These conflicting interpretations have only added to the ambiguity surrounding the term “civil state,” especially from the perspective of religious minorities, many of whom view such ambiguity as reinforcing legal and social inequality. When a political system fails to guarantee equal rights across religious and gender lines, it undermines the principles of citizenship and threatens societal cohesion.
A Clear Vision of the Modern Civil Democratic State
Our understanding of the modern civil democratic state begins with its sovereignty and independence. It is a constitutional state built on a consensual, secular legal foundation—shaped collaboratively by all national and political forces. It is a state that transcends ethnic, religious, and sectarian identities, and belongs equally to all its citizens, regardless of background. It is not an instrument of any one religion, sect, ethnicity, ideology, or political party.
Such a state respects all religious beliefs without granting them political privileges. It is grounded in equal rights and duties, in full and equal citizenship, and in the separation of religion from both politics and the state. Sovereignty belongs to the people, the rule of law is supreme, and democratic governance is realized through the peaceful transfer of power via fair elections.
In this framework, there is no contradiction between the concepts of the civil state and _secularism_—they are, in fact, deeply aligned. Replacing “secularism” with “civility” serves only to obscure the necessary commitments that secular governance entails. It risks masking intentions to preserve religious or ideological dominance under a more palatable label.

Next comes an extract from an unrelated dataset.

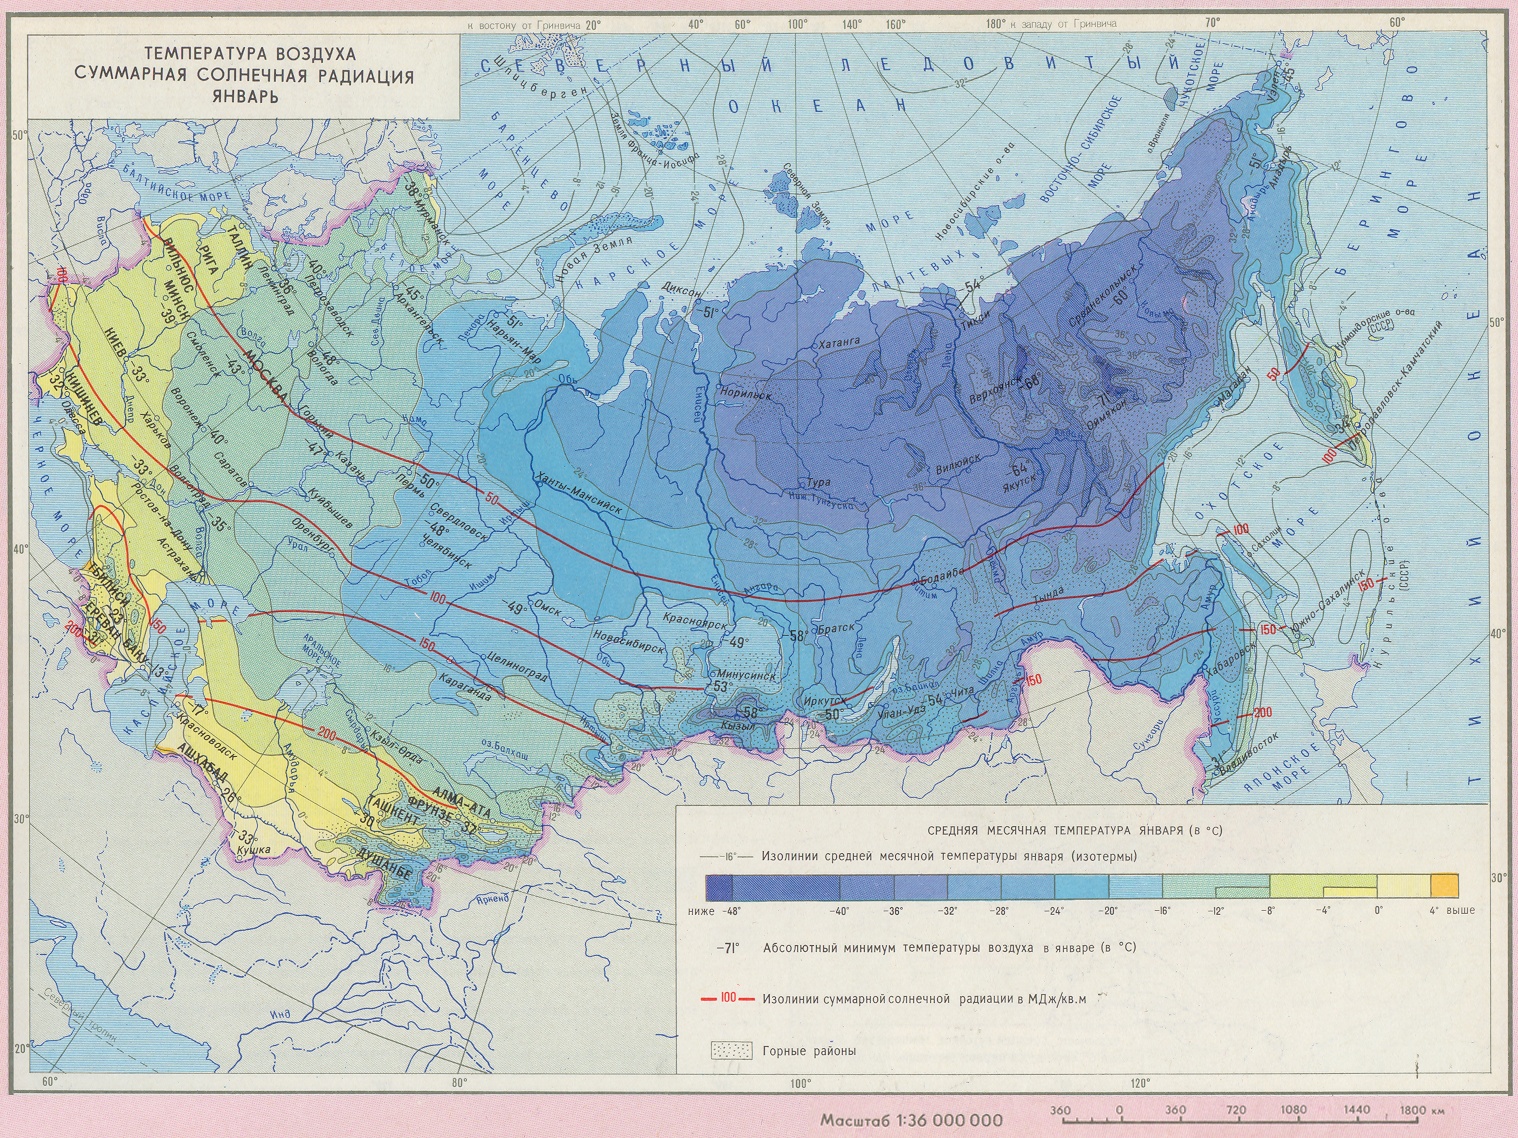 Средние температуры июля и января в россии

We argue that secularism and democracy are inseparable: one cannot thrive without the other. A secular democratic system guarantees broad freedoms for all faiths, prevents religious discrimination, protects minorities and women, and shields public life from the instrumentalization of religion by political or ruling forces. We do not view secularism as a belief system or ideology; it is not hostile to religion, nor does it undermine its sanctity. Rather, it seeks to establish a respectful and neutral space between religion and the state.
Secularism ensures that the state remains equidistant from all religions, while safeguarding every individual’s right to freely practice their faith, rituals, and beliefs—free from state or societal coercion. It is not an atheistic philosophy; rather, it is a set of principles and safeguards that guarantee freedom of conscience, belief, and expression.
Importantly, secularism does not offer a one-size-fits-all legal model. It adapts to each society’s culture, identity, and historical experience. Its successful application in diverse countries—from Western nations to India, Japan, Malaysia, and Turkey—demonstrates its flexibility and universality. These countries represent a wide range of religious traditions, and yet they have all benefited from the secular principle of keeping religion separate from political power.
Regardless of its Western origin, secularism has emerged as a universal value—transcending continents, races, and creeds. Its proven effectiveness in securing freedoms and enabling peaceful coexistence makes it highly applicable in any context where liberty, pluralism, and the public good are paramount.